Сергей Решетов
Гильотина для Фани. Невероятная история жизни и смерти Фани Каплан
Пожелание читателю (вместо эпиграфа)
«Давайте жить так, чтобы даже гробовщики оплакивали вашу кончину»
Марк Твен
Москва, 1963 год.
Подмосковье. Посёлок писателей
Каждое утро поселковые мальчишки развлекали себя тем, что прилипали к дырам в зелёном, покосившемся от времени заборе соседа-старика, у которого, как говорили старшие, «не все дома». Они ждали выхода во двор «чокнутого» и его страшного пса. Пустые консервные банки на верёвочках уже были развешены по забору, оставалось только дождаться появления главных действующих лиц.

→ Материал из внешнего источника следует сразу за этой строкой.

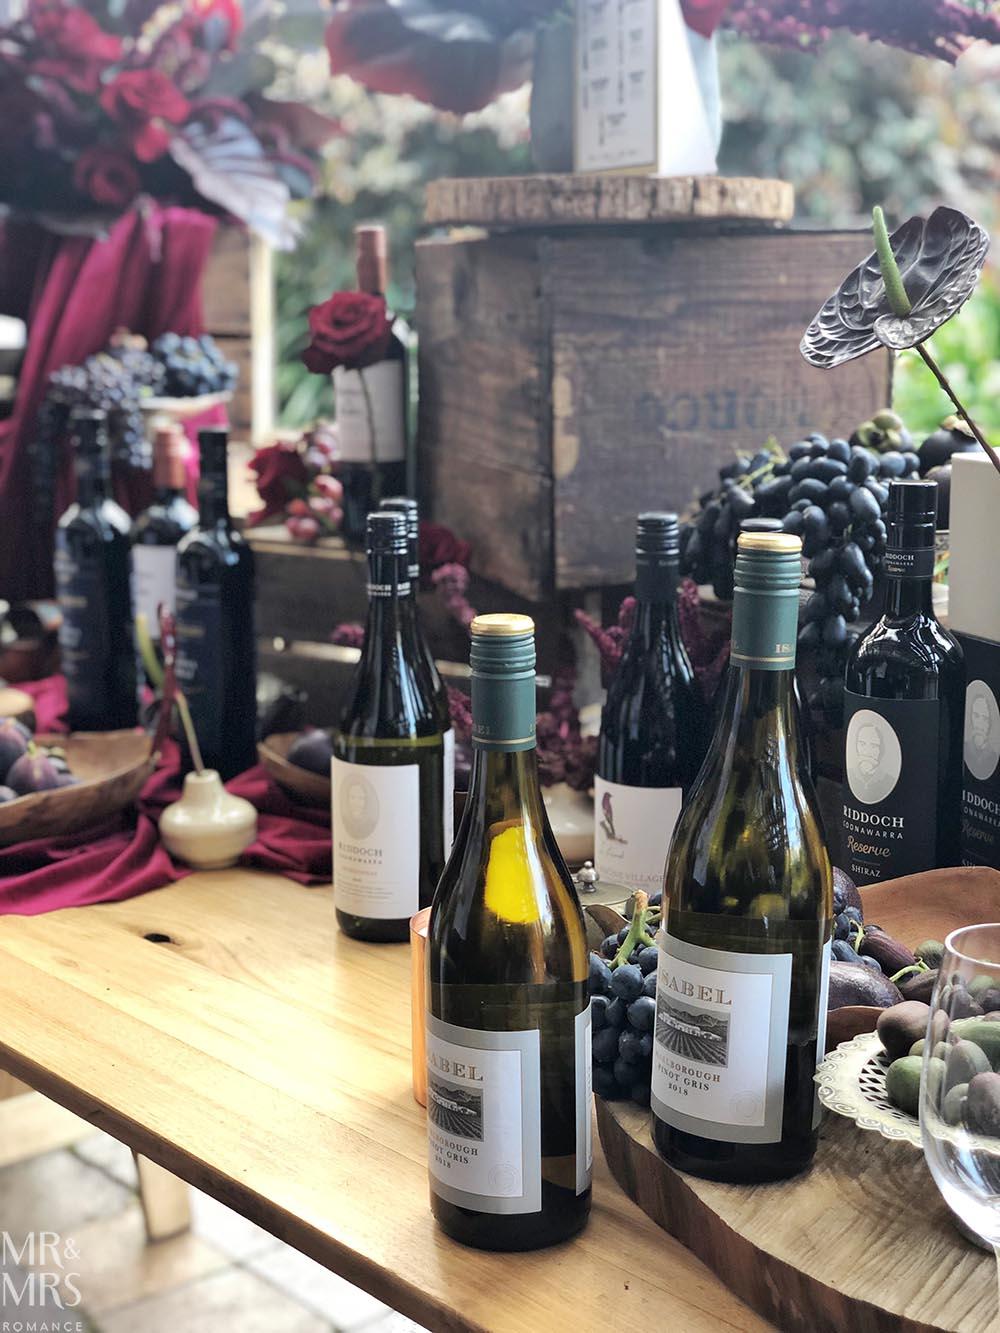 Winter wines at Pinnacle Drinks

Как только пёс вставал на задние лапы и облизывал макушку хозяина, пацаны с воем и гиканьем начинали дёргать за верёвку. Банки громыхали, а пёс лаял и носился, как одержимый, вдоль забора. О старике в посёлке говорили разное, но все сходились на том, что он бывшая «шишка», может быть, даже и генерал, поскольку каждую неделю чёрная «Волга» привозила ему продукты.
Старик ни с кем не общался, гостей не привечал, и жил бобылём. Но свет в его кабинете, порой, горел до утра. И в чём-то проницательный местный народ был прав.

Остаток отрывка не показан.